The value of ASSR threshold-based bilateral hearing aid fitting in children with difficult or unreliable behavioral audiometry.
We conducted an analysis to assess the relative contribution of auditory brainstem response (ABR) testing and auditory steady-state response (ASSR) testing in providing appropriate hearing aid fitting in hearing-impaired children with difficult or unreliable behavioral audiometry. Of 150 infants and children who had been referred to us for hearing assessment as part of a neonatal hearing screening and cochlear implantation program, we identified 5 who exhibited significant discrepancies between click-ABR and ASSR testing results and difficult or unreliable behavioral audiometry. Hearing aid fitting in pediatric cochlear implant candidates for a trial period of 3 to 6 months is a common practice in many implant programs, but monitoring the progress of the amplified infants and providing appropriate hearing aid fitting can be challenging. If we accept the premise that we can assess the linguistic progress of amplified infants with an acceptable degree of certainty, the auditory behavior that we are monitoring presupposes appropriate bilateral hearing aid fitting. This may become very challenging in young children, or even in older children with difficult or unreliable behavioral audiometry results. This challenge can be addressed by using data from both ABR and ASSR testing. Fitting attempts that employ data from only ABR testing provide amplification that involves the range of spoken language but is not frequency-specific. Hearing aid fitting should also incorporate and take into account ASSR data because reliance on ABR testing alone might compromise the validity of the monitoring process. In conclusion, we believe that ASSR threshold-based bilateral hearing aid fitting is necessary to provide frequency-specific amplification of hearing and appropriate propulsion in the prelinguistic vocalizations of monitored infants.
Early cochlear implantation in children has a positive effect on the development of the auditory pathways, as well as on postimplantation outcomes. (1,3) Delays in detecting severe hearing impairment can significantly impair the development of verbal communication skills and spoken language. Thus, the implementation of universal screening of neonatal hearing is the only way to achieve very early detection of deafness and a timely referral to a cochlear implant center if need be. (4,5)
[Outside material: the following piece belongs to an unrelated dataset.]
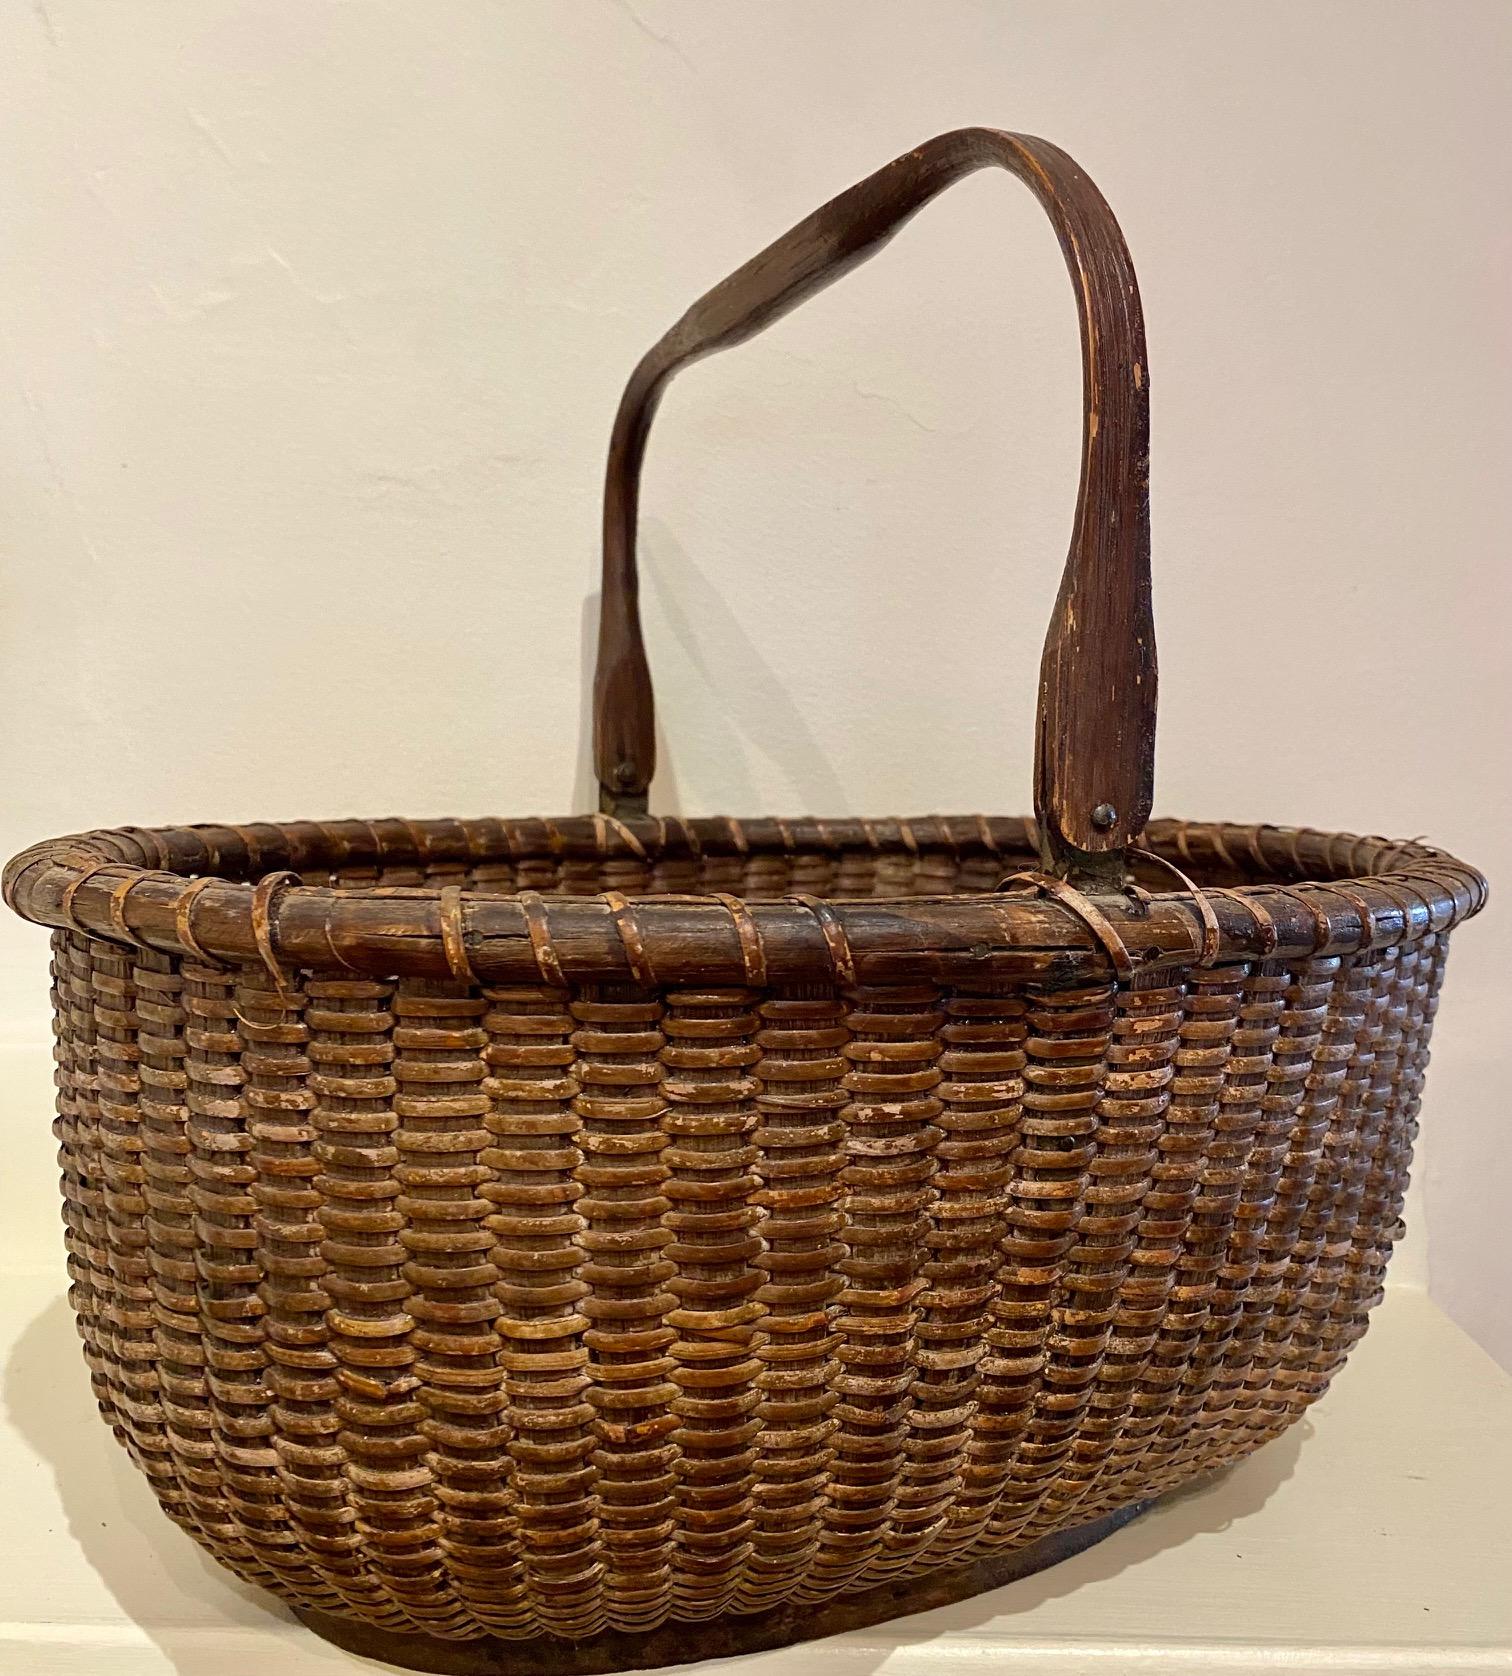 Late 19th century nantucket basket, by Mitchy Ray (1877 - 1956), circa 1920s, a large open oval basket with heavy rattan staves, cane weave, solid oak bottom plate and carved swing handle attached to fairly long metal ears. The basket is unsigned
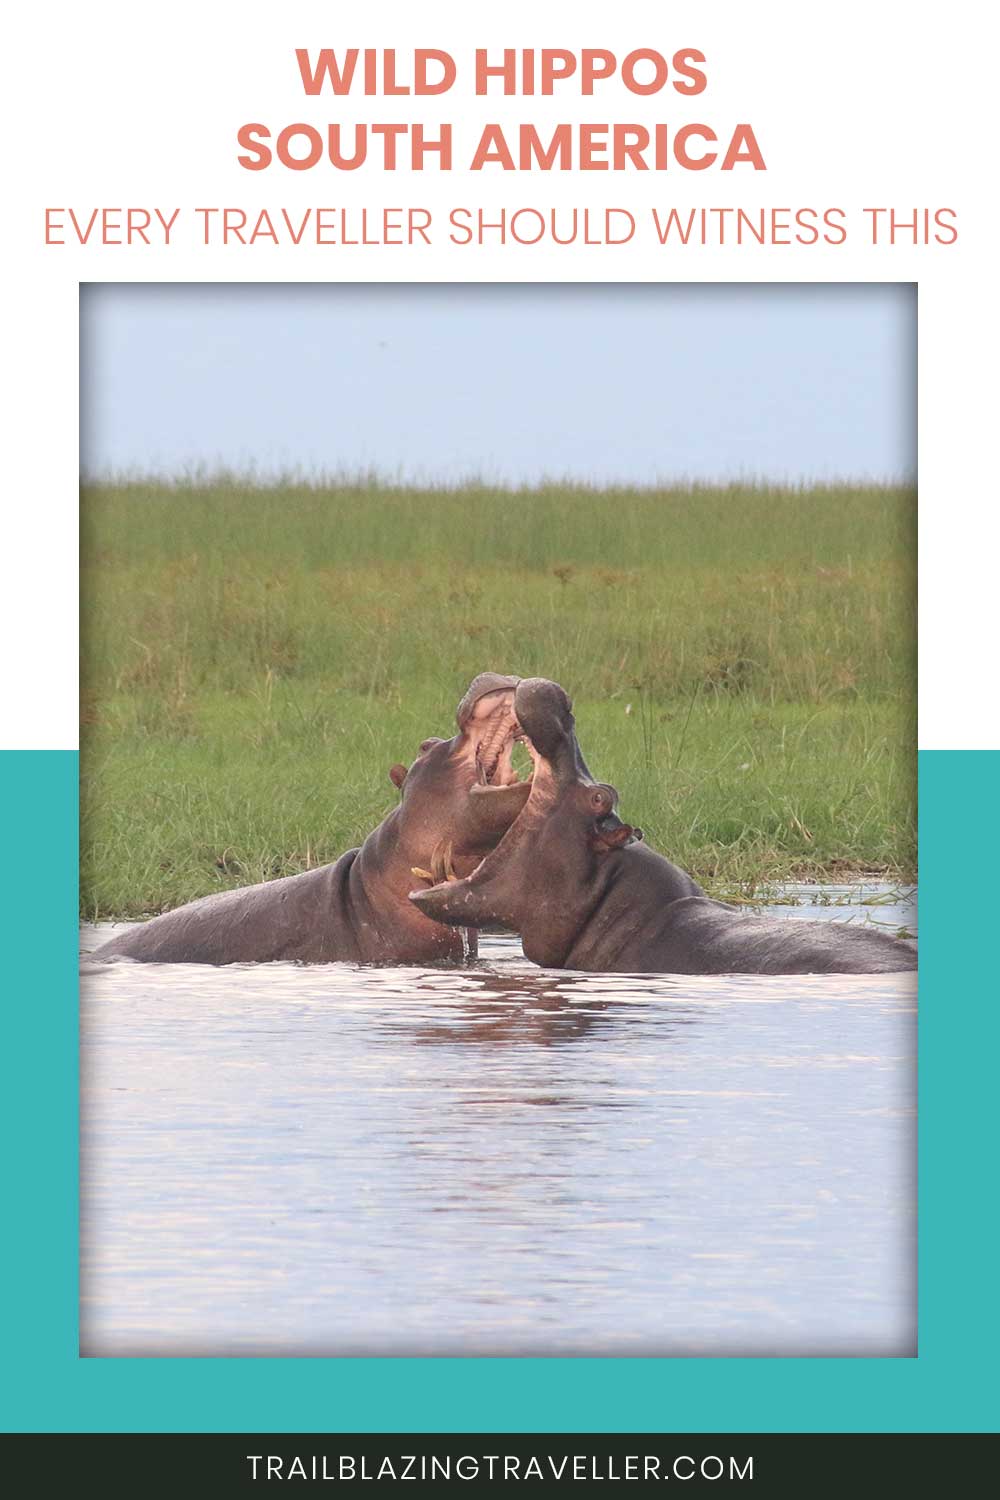 Wild Hippos South America – Every Traveller Should Witness This

It is common practice to fit pediatric cochlear implant candidates who are identified by neonatal screening with bilateral hearing aids for a trial period of 3 to 6 months. If these patients do not progress linguistically, then cochlear implantation can be considered. Another rationale for fitting hearing aids in severely or even profoundly deaf infants is to provide some access to the normal auditory spectrum, taking advantage of the critical periods of neuroplasticity. (6,7)
The aforementioned practice in cochlear implant programs should satisfy two important prerequisites: (1) provision of appropriate hearing aid fitting and (2) monitoring the linguistic progress of the amplified infants. Both aspects can be challenging in hard-of-hearing children.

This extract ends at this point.